To get straight to the point: in C/C++, given Pango indexes obtained from a function like pango_layout_xy_to_index, how am I supposed to find the corresponding position in the string I fed into the layout? I need this to be safe for UTF-8, ampersand-style special characters (see below), and formatting tags.
This is for the purpose of implementing a copy/cut/replace system for custom UI elements using Pango-Cairo for text rendering. So, essentially, I’m trying to find a reliable way to get the text between two click-points run through pango_layout_xy_to_index.
I ask primarily because I’m trying to re-implement some spaghetti I programmed almost a decade ago that is supposed to do this. There’s a special case claiming ampersand-style characters (stuff like nbsp) are counted as 1 character in Pango indexes, but obviously occupy several in the string given to Pango. Thus, I need to do conversion. I have zero confidence in any of this, but I wouldn’t have added that without a reason and it had been working (I think). What I don’t know is why Pango would be doing that, since the documentation seems to imply the index should also be the index into the original UTF-8 string given to Pango. Perhaps it’s something to do with GMarkup? It could even be an ancient bug that has since been fixed.

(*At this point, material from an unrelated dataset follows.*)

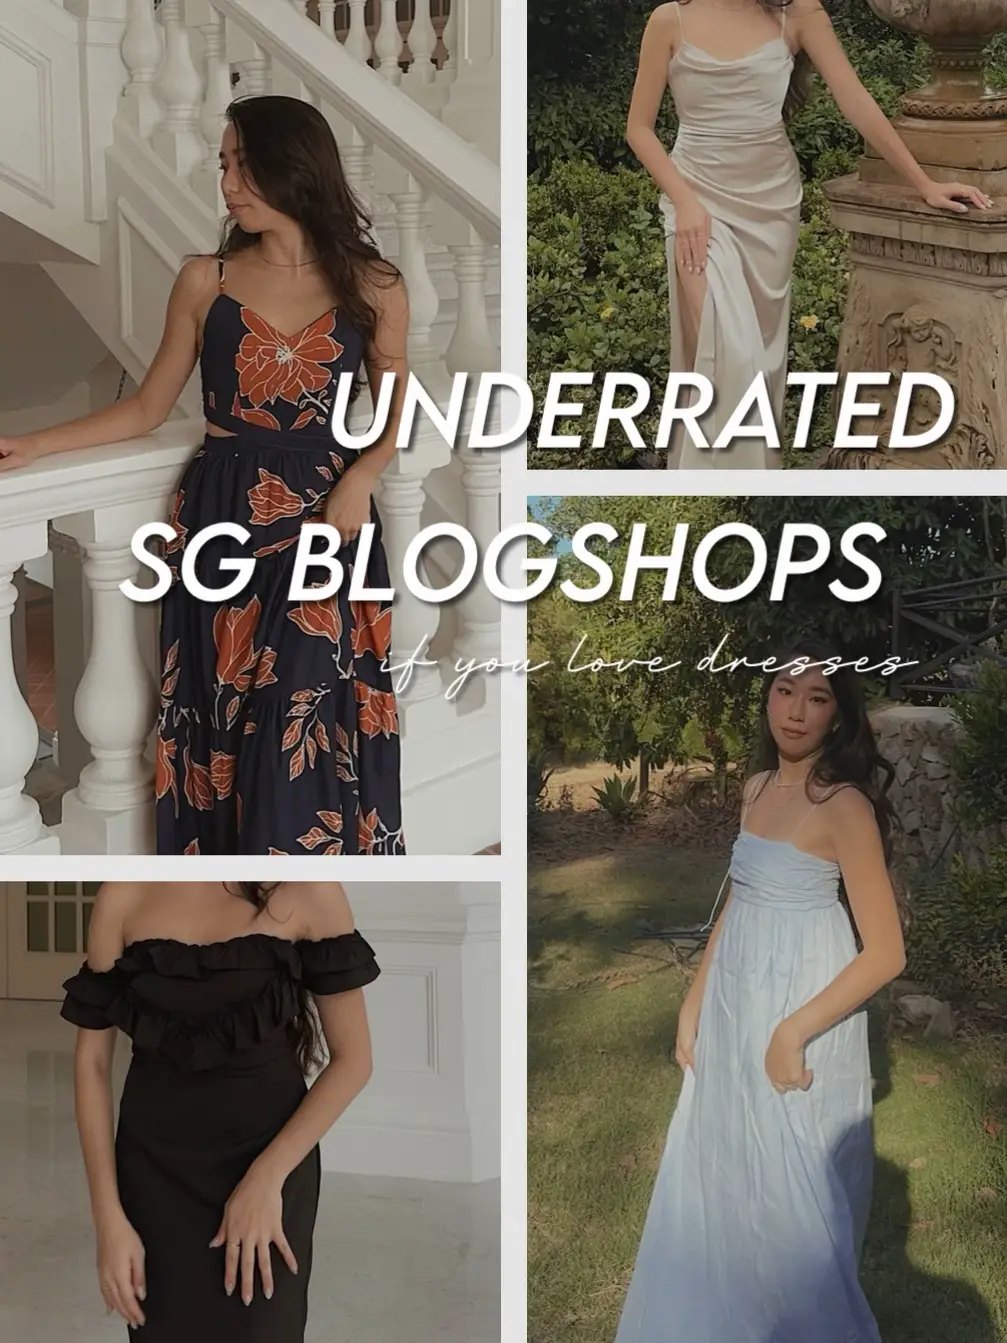 LOVE DRESSES? TRY THESE UNDERRATED SG BRANDS's images

What I’m hoping for is an authoritative answer on how I’m supposed to do this, so I can avoid any more experimentation/guessing/kludges/bugs.
That said, I am aware Pango handles some extreme cases (like text going different directions within a line). If that makes a difference in the answer, let’s assume I only care about text going a uniform direction. I have enough problems with that.
I’m also aware there are going to be some gotchas with formatting tags. Right now, I’m only concerned about their presence not breaking my ability to locate character positions after they appear.
For the record, this is how I feed text into the layout:
pango_layout_set_markup( mPangoLayout, mText.c_str( ), -1 );